* Work item
Leaving out pictures, output exactly the lines below from the one that has "Underwater - CD" through the one that has "Superior Taste Award 2020にて銅賞にあたる1つ星を受賞しました!", and nothing else.

══ Data shown

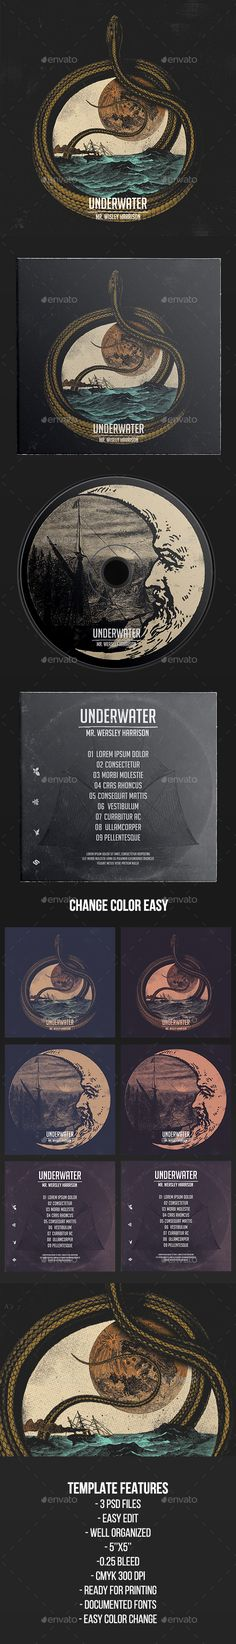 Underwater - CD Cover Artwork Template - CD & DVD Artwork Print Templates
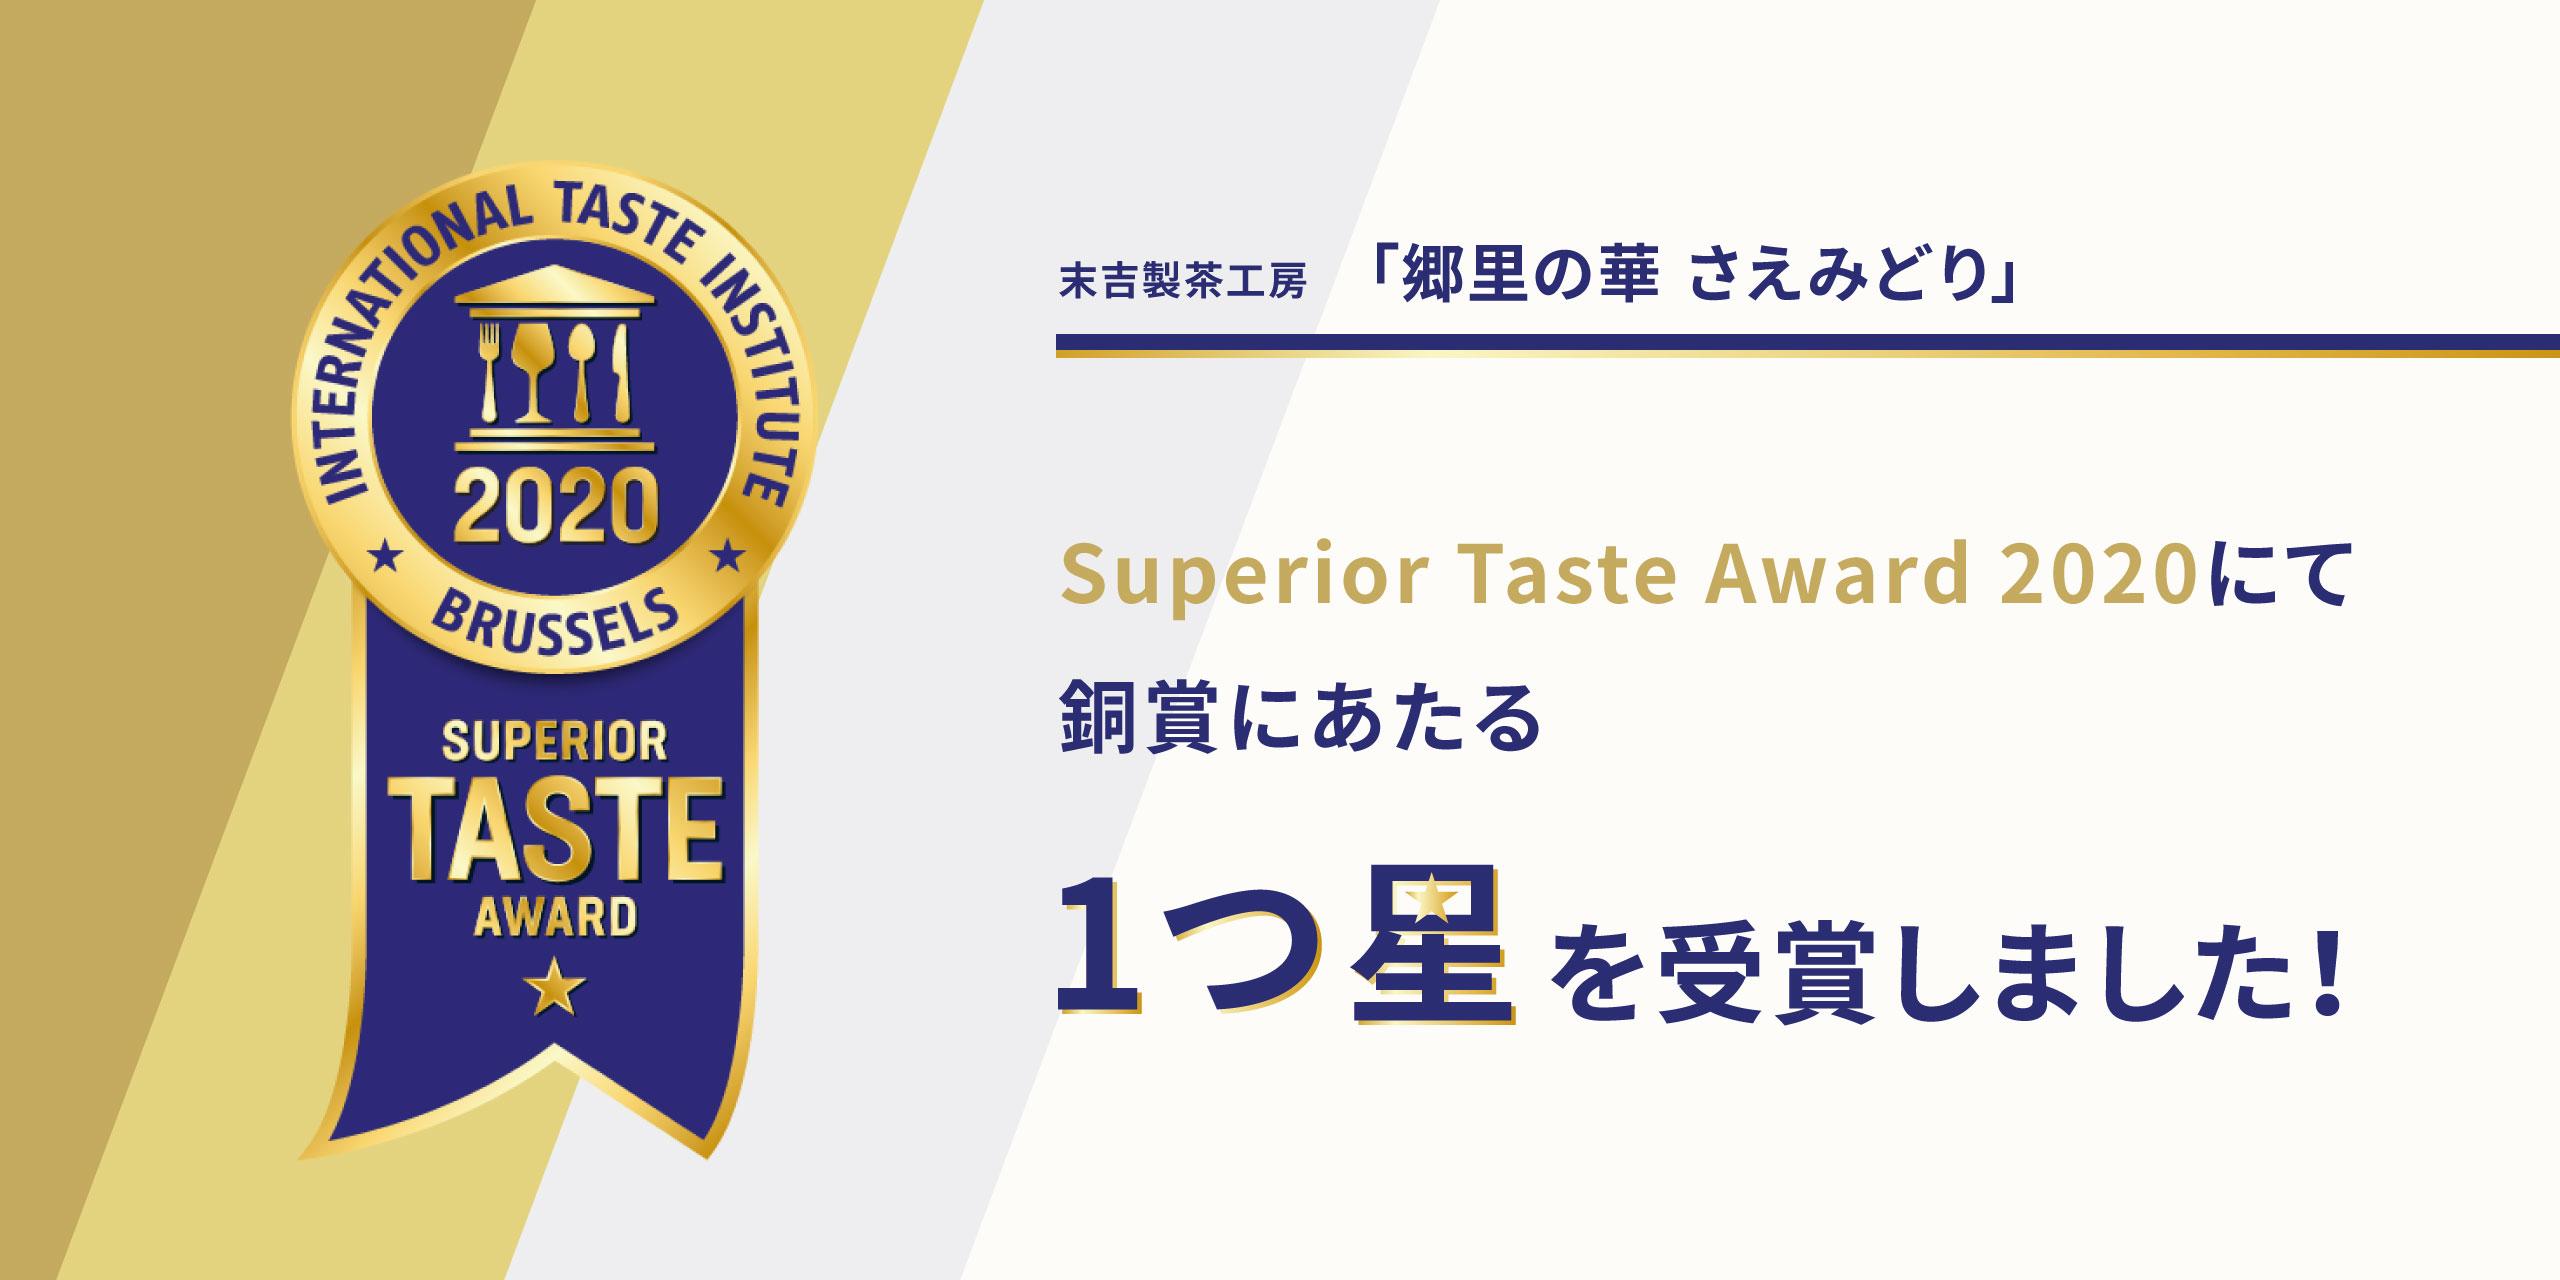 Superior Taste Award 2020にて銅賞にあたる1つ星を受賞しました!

════
══ Data shown

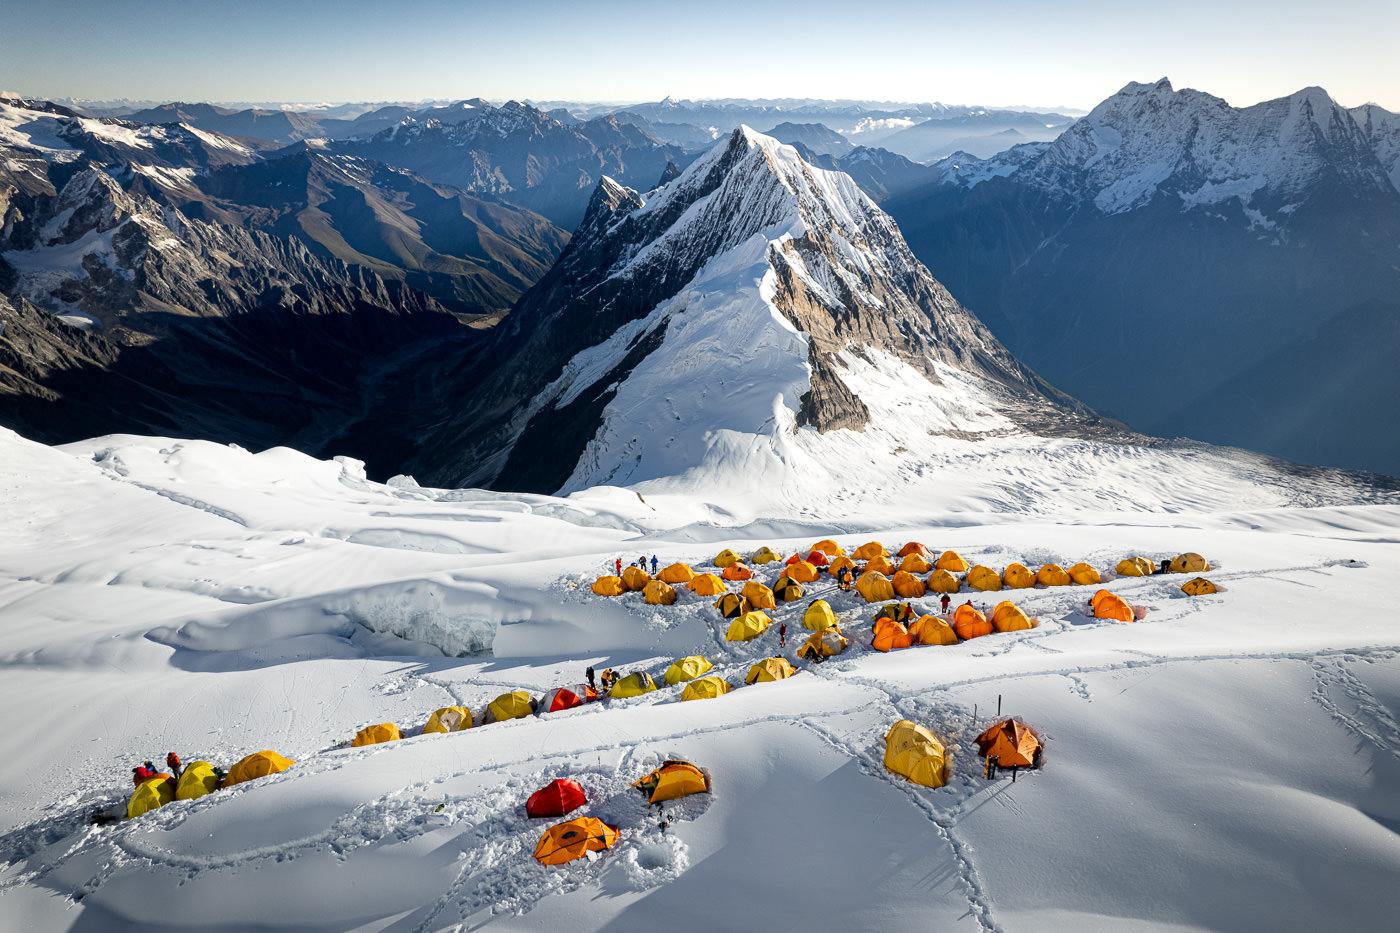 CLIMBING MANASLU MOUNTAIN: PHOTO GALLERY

════

* Answer to the exercise
 Underwater - CD Cover Artwork Template - CD & DVD Artwork Print Templates
 Superior Taste Award 2020にて銅賞にあたる1つ星を受賞しました!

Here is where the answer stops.